**ACTIVITY:** What is needed is a faithful transcription of all the data below, pictures excluded.
--- RECORDED INFORMATION ---
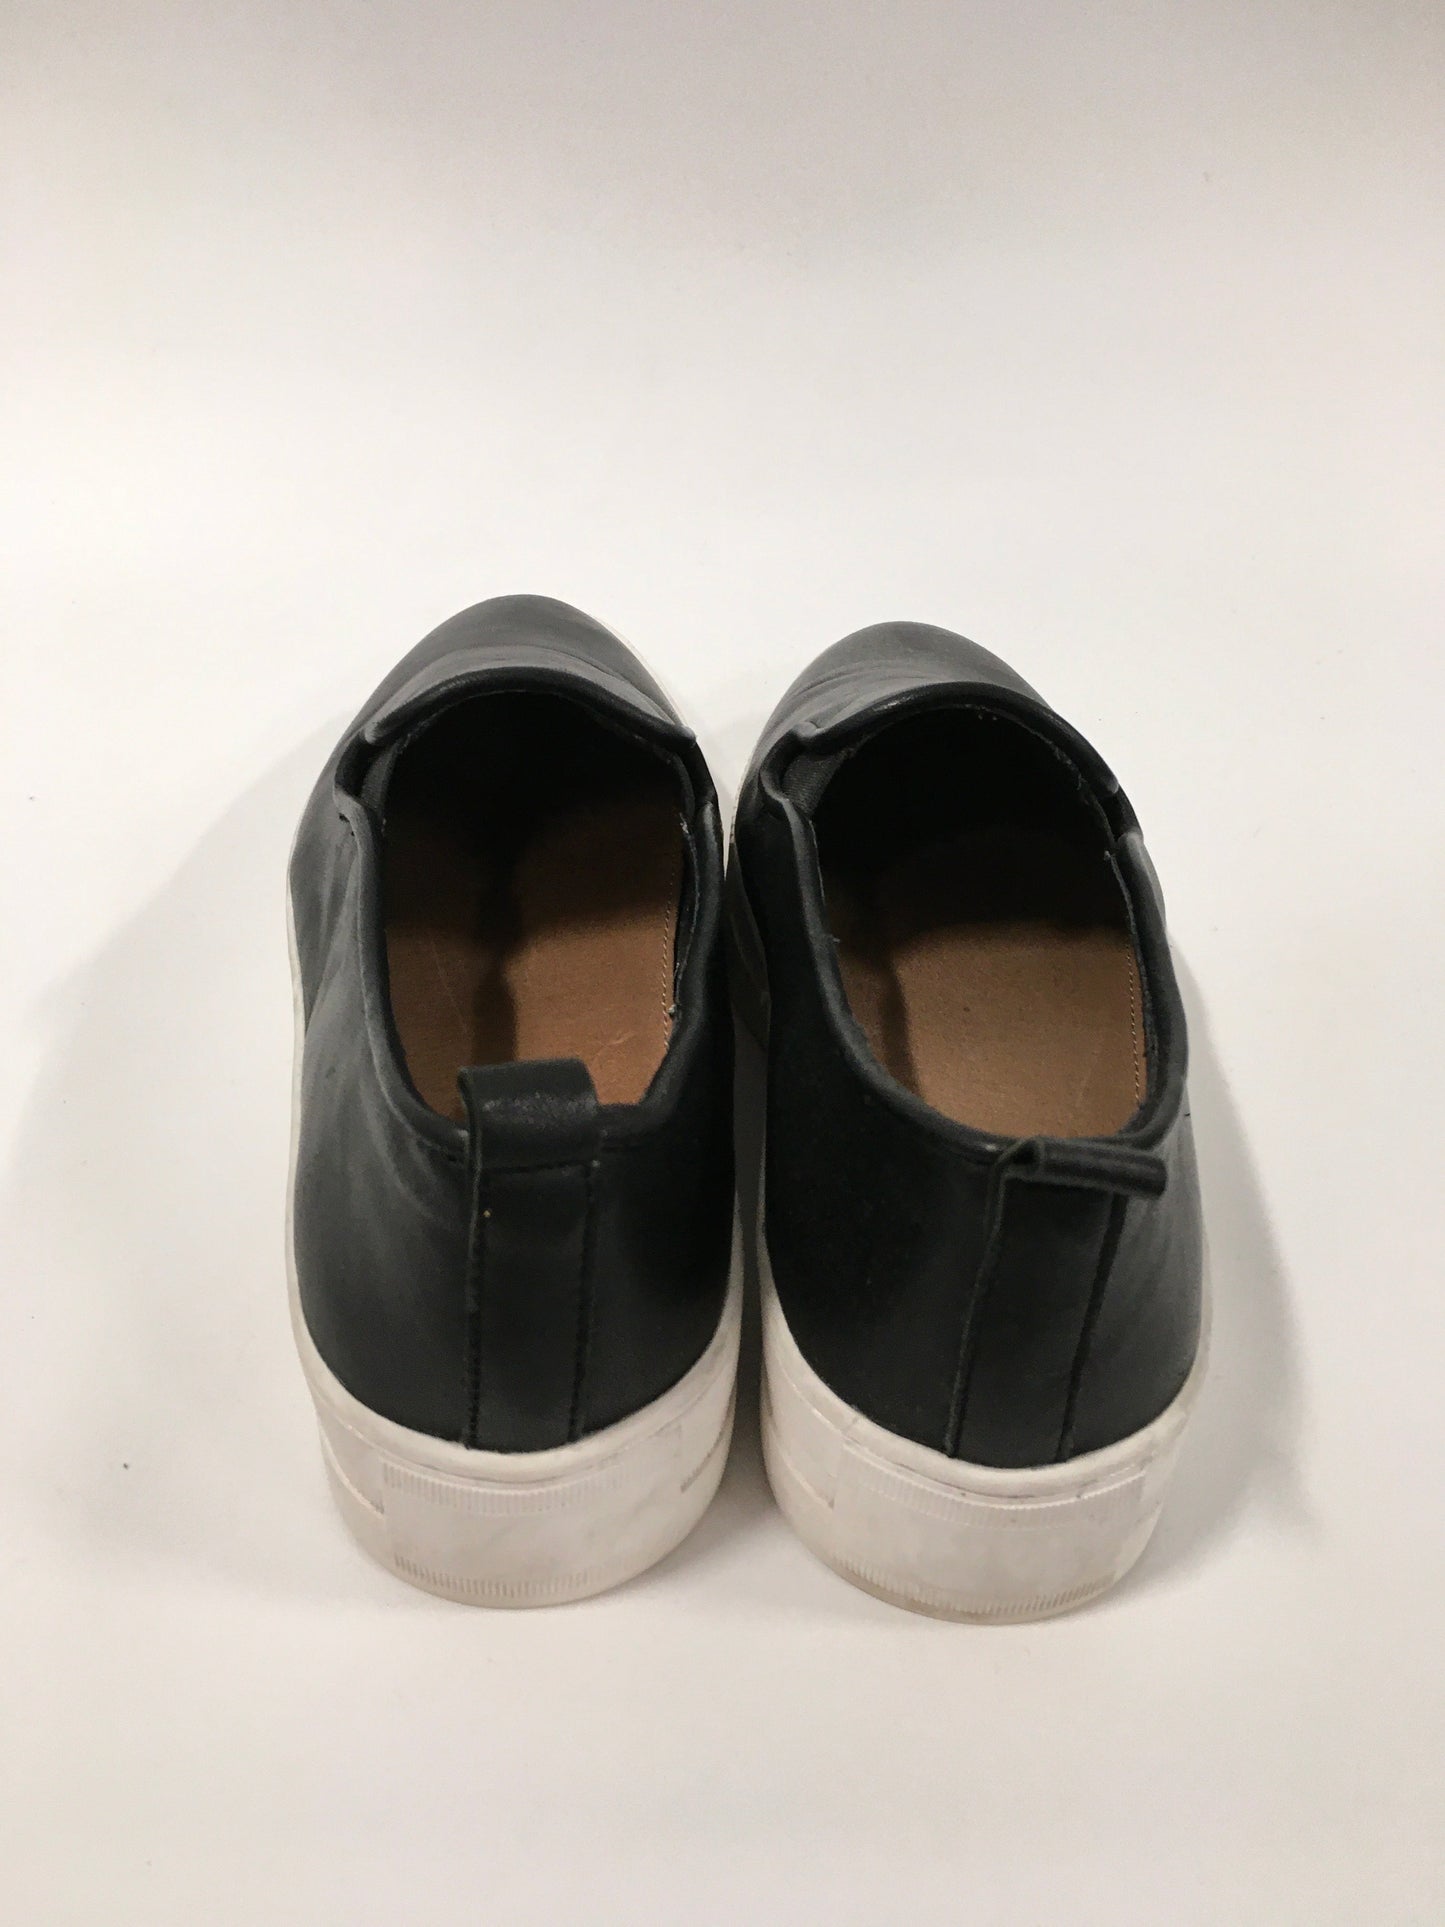 Leather Shoes Flats Other Halogen, Size 6
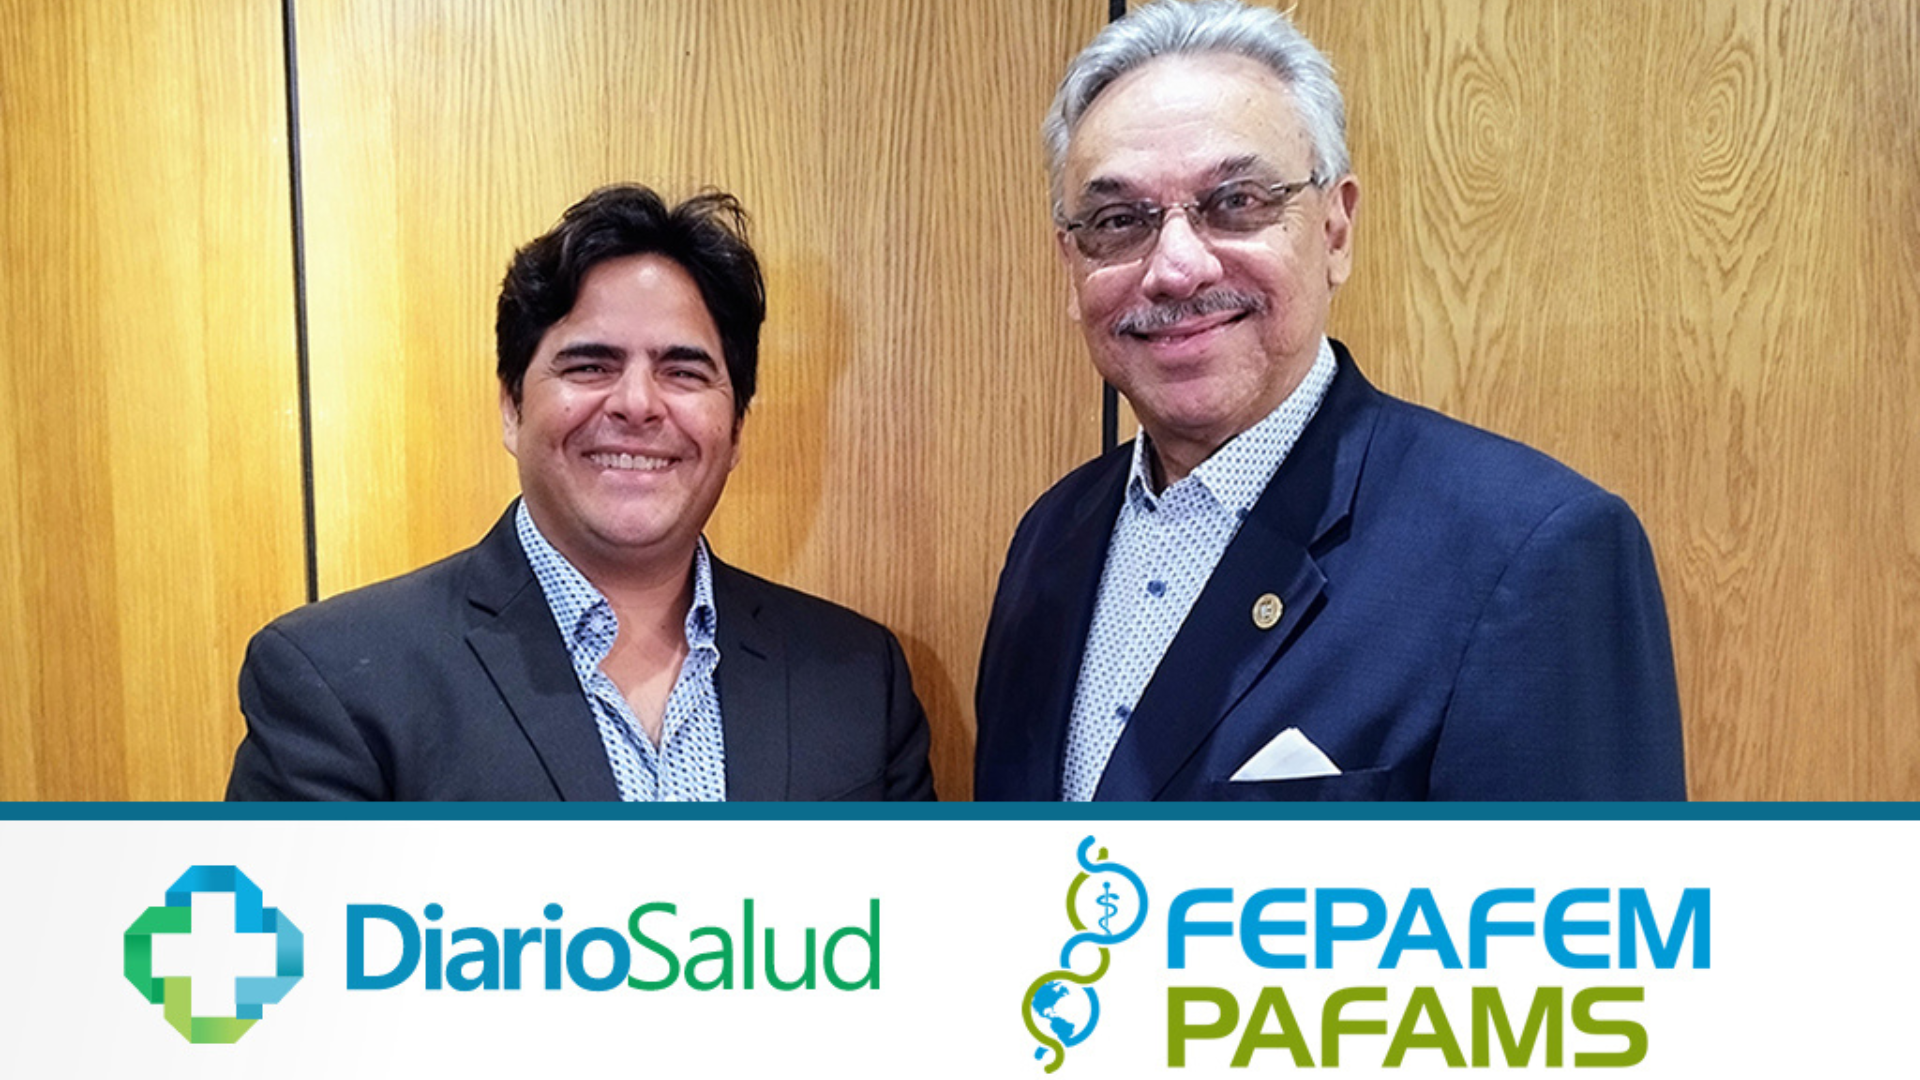 Pan-American Federation of Associations of Medical Schools PAFAMS and DiarioSalud sign an agreement - #BHHMembersInitiatives
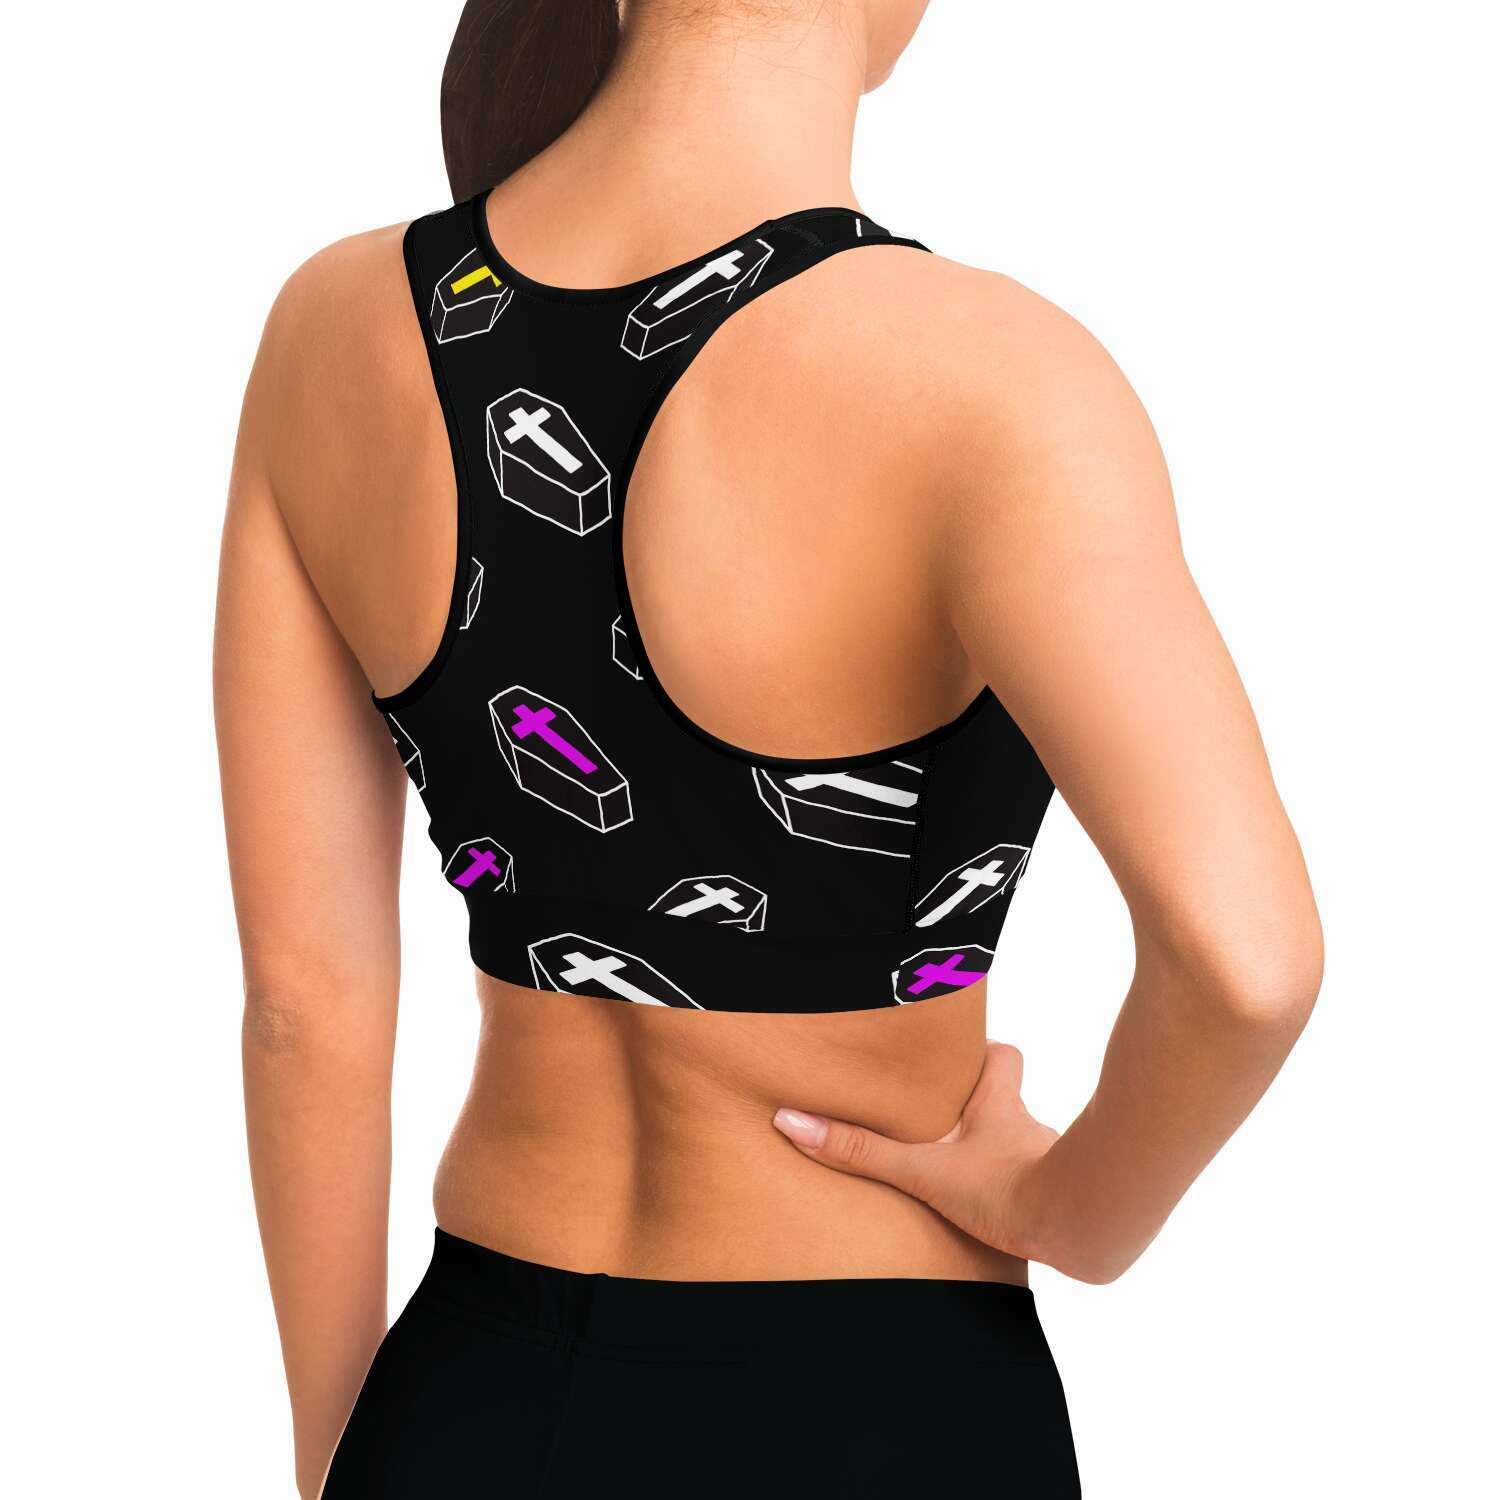 Women's Neon Gothic Crosses Coffins & Covens Athletic Sports Bra Model Right
---
**YOUR SOLUTION:**
 Leather Shoes Flats Other Halogen, Size 6
 Pan-American Federation of Associations of Medical Schools PAFAMS and DiarioSalud sign an agreement - #BHHMembersInitiatives
 Women's Neon Gothic Crosses Coffins & Covens Athletic Sports Bra Model Right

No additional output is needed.